● **WHAT THIS TASK INVOLVES**: Your task is to copy the stretch of lines in the records below that begins with the line containing "Grilled Mexican Street" and ends with the line containing "is disease resistant.", exactly as written, with nothing added.

### EXERCISE DATA ###

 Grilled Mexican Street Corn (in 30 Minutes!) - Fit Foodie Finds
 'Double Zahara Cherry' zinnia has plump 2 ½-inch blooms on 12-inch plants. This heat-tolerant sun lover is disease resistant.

###
### EXERCISE DATA ###

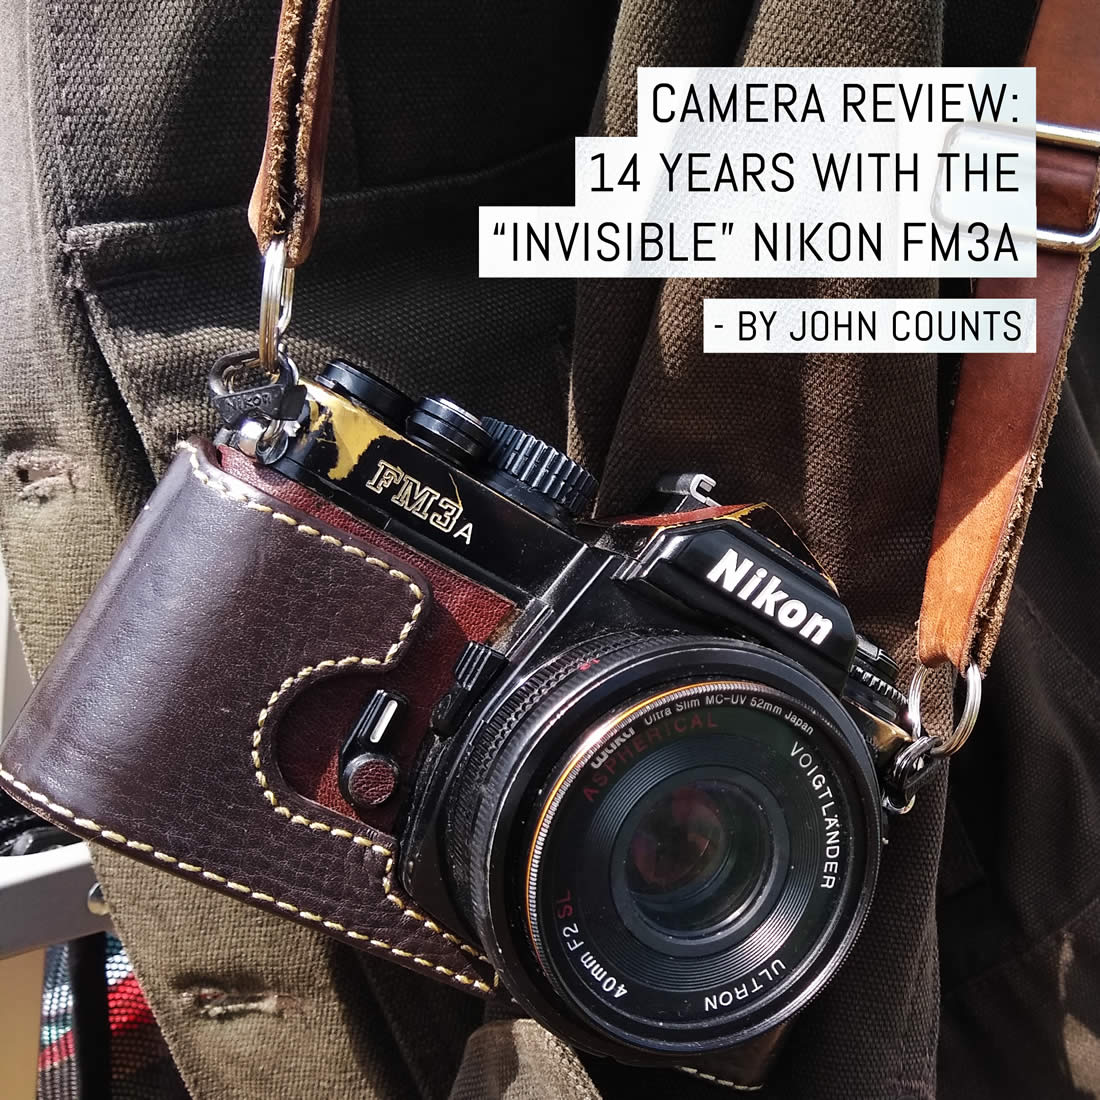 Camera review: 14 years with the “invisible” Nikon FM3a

###
### EXERCISE DATA ###

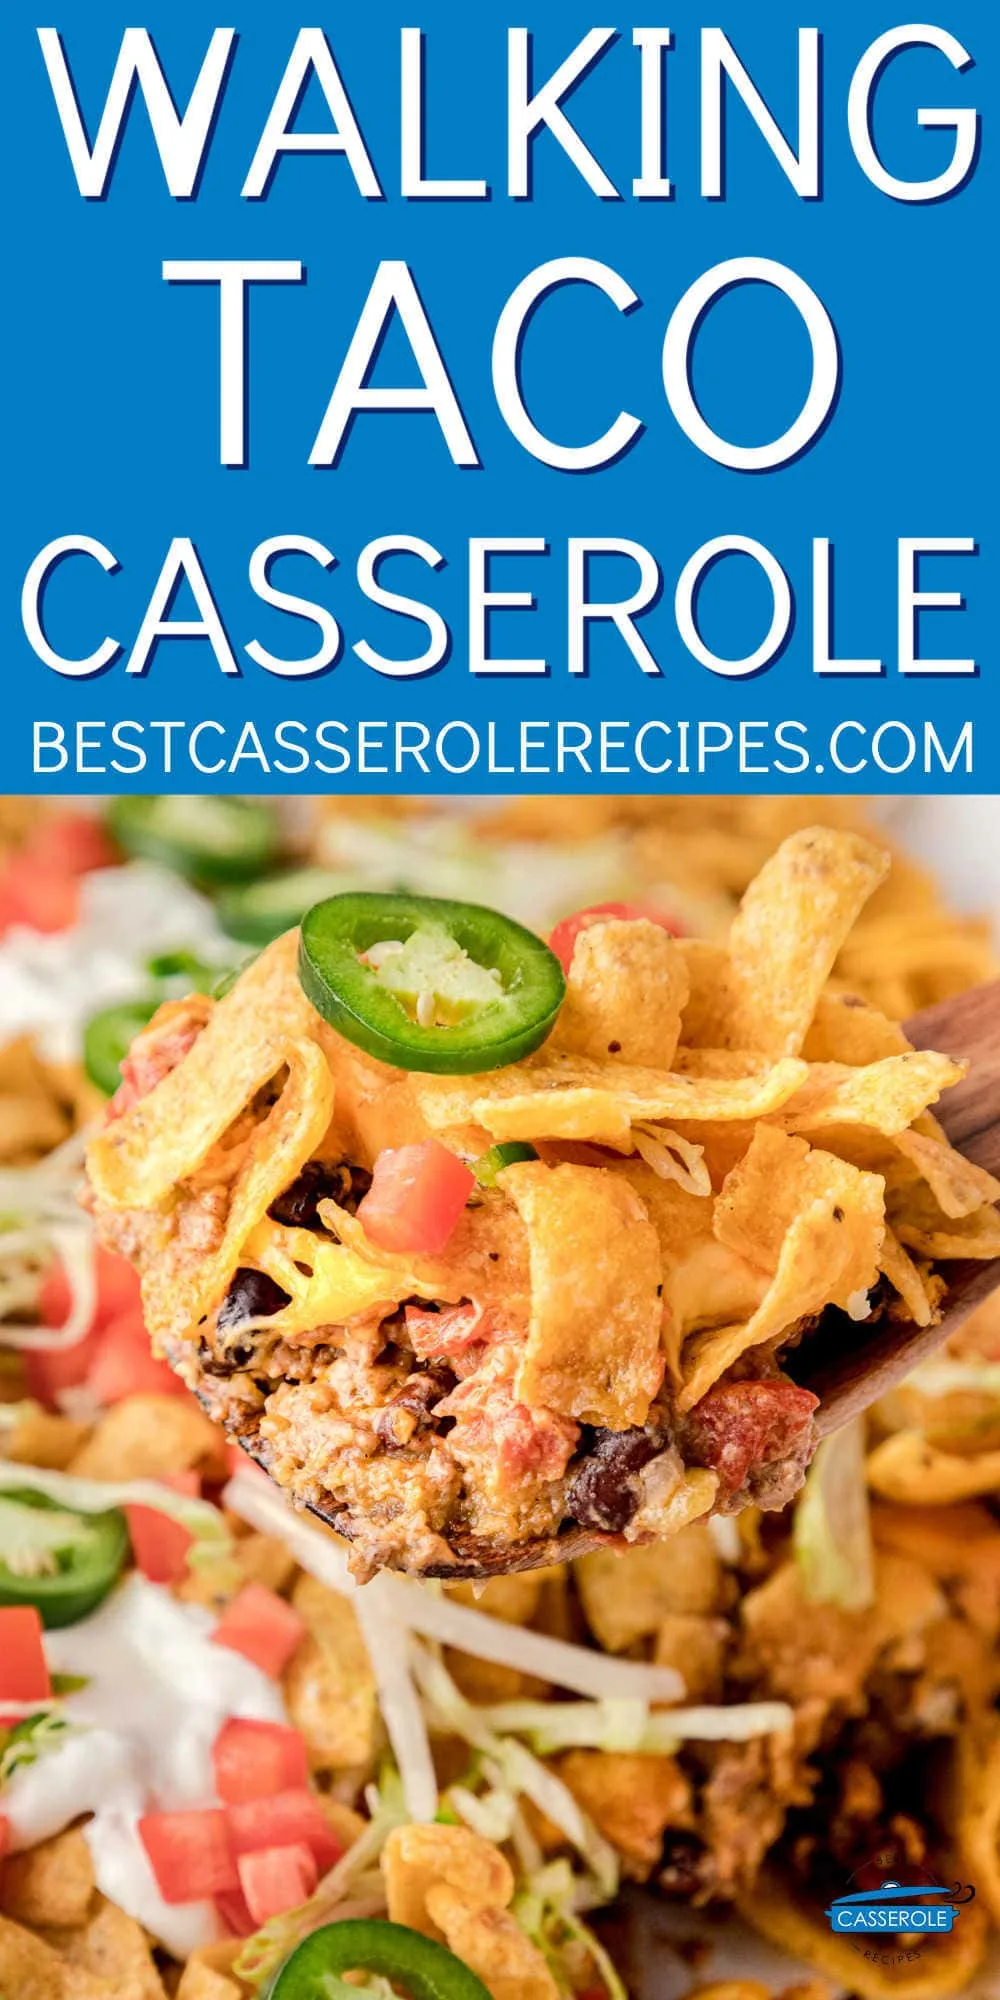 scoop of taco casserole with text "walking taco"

###

● **ANSWER BOX**:
 Grilled Mexican Street Corn (in 30 Minutes!) - Fit Foodie Finds
 'Double Zahara Cherry' zinnia has plump 2 ½-inch blooms on 12-inch plants. This heat-tolerant sun lover is disease resistant.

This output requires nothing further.